Council District 10: Inwood, Washington Heights. Ydanis Rodriguez gets the StreetsPAC nod for a third term. “He’s a proponent of making portions of Broadway permanently car-free, and is committed to working for implementation of Fair Fares and a five-borough bike-share system,” says StreetsPAC. “He also plans to advocate for creation of a comprehensive, long-term transportation plan for New York City, along the lines of London Mayor Sadiq Khan’s Transportation Manifesto.” Democrats Arden Walentowski and Josue Perez are challenging Rodriguez.
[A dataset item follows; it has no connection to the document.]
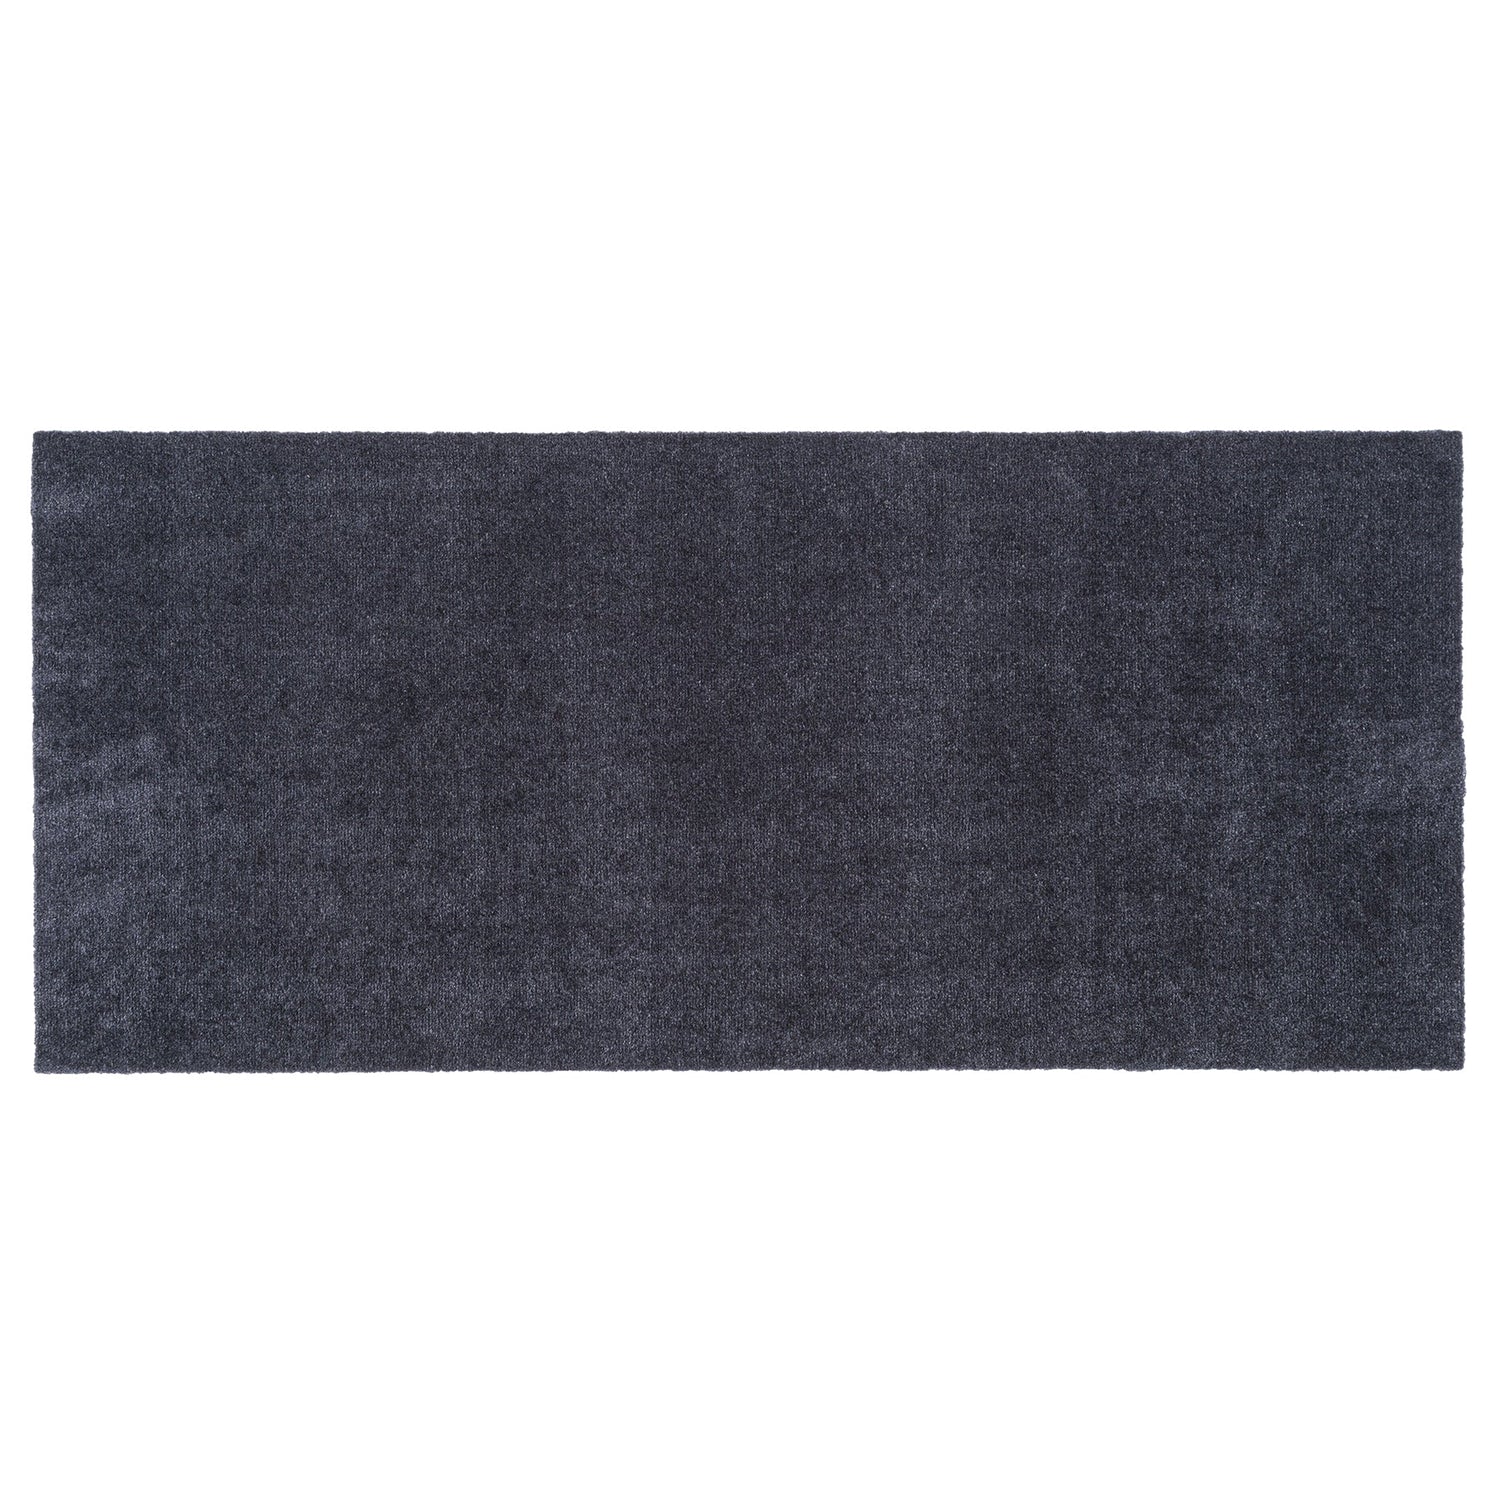 Blanket/tinha 67 x 150 cm - Uni Color/Gray
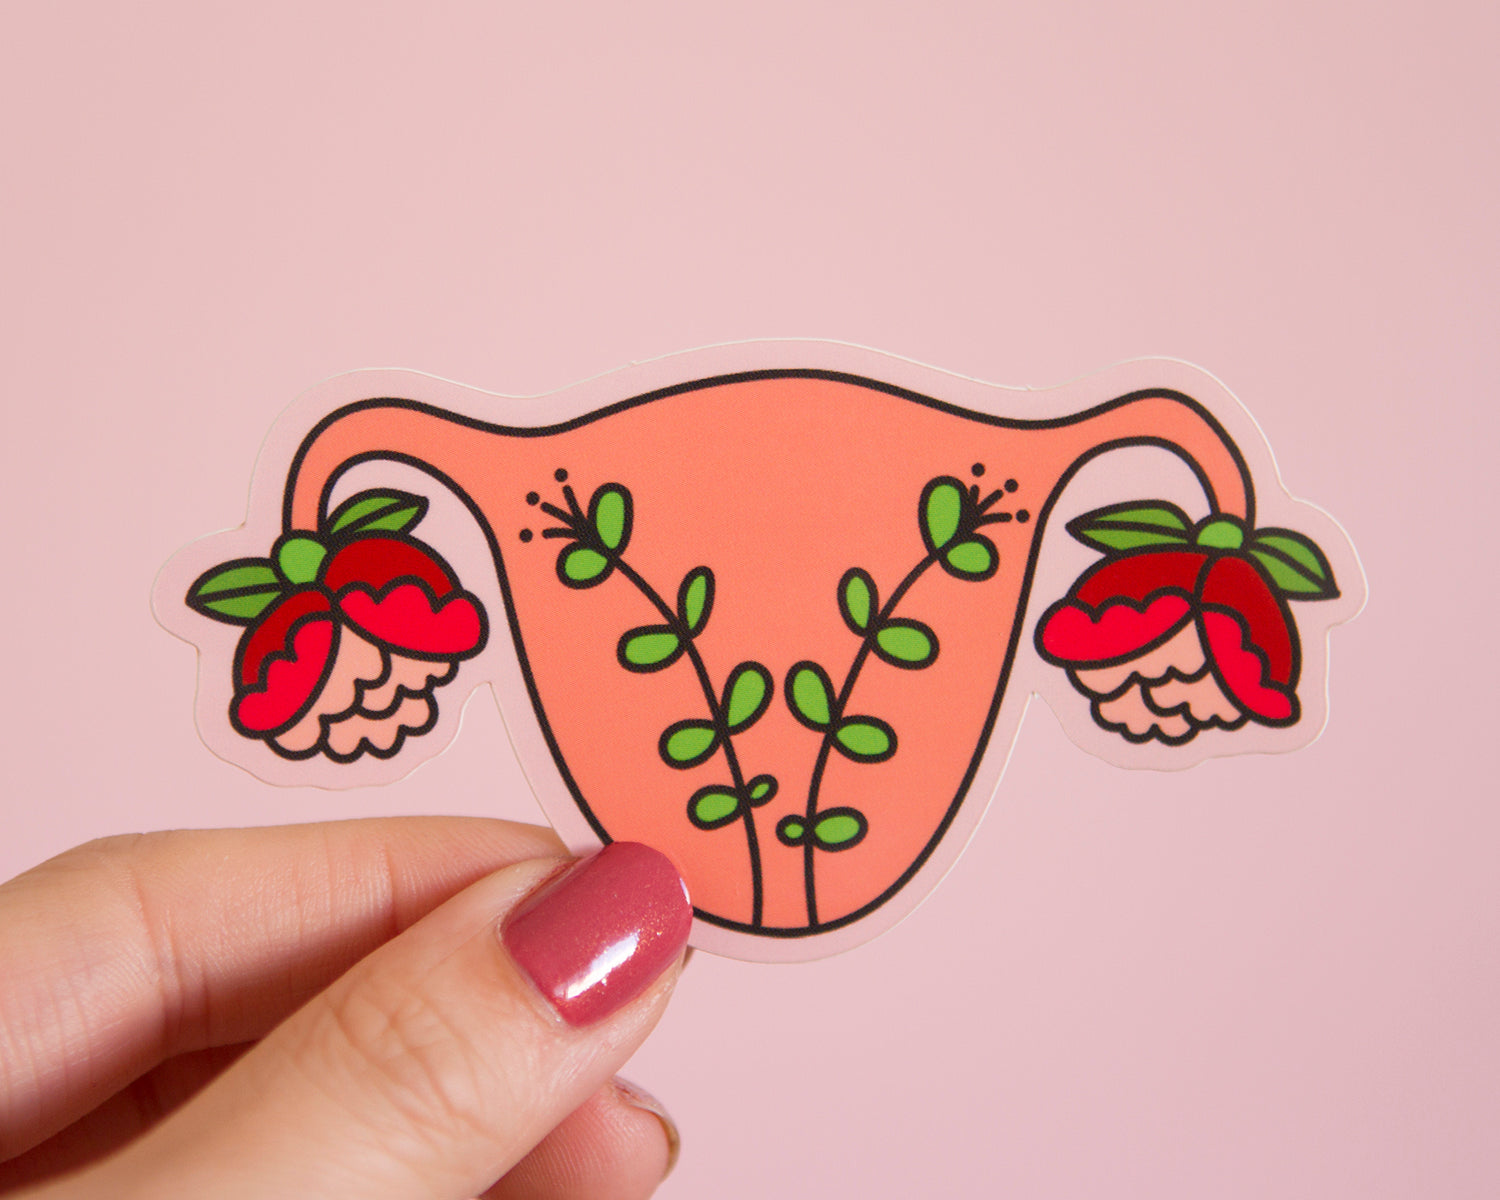 floral uterus pins (fundraiser for planned parenthood) – kata golda handmade

Council District 38: Borough Park, Gowanus, Sunset Park, Windsor Terrace. StreetsPAC supports incumbent Carlos Menchaca for a second term. “He’s been the leading champion for the complete-streets redesign of Brooklyn’s Fourth Avenue,” StreetsPAC says, “and is committed to seeing his bill to permit bicyclists to use leading pedestrian interval signals enacted into law.“ StreetsPAC says Menchaca will “continue … to ensure that underserved communities have a seat at the table in determining the future of their streets and transportation systems.” Delvis Valdes, Sara Gonzalez, and Javier Nieves are also Democratic candidates in District 38.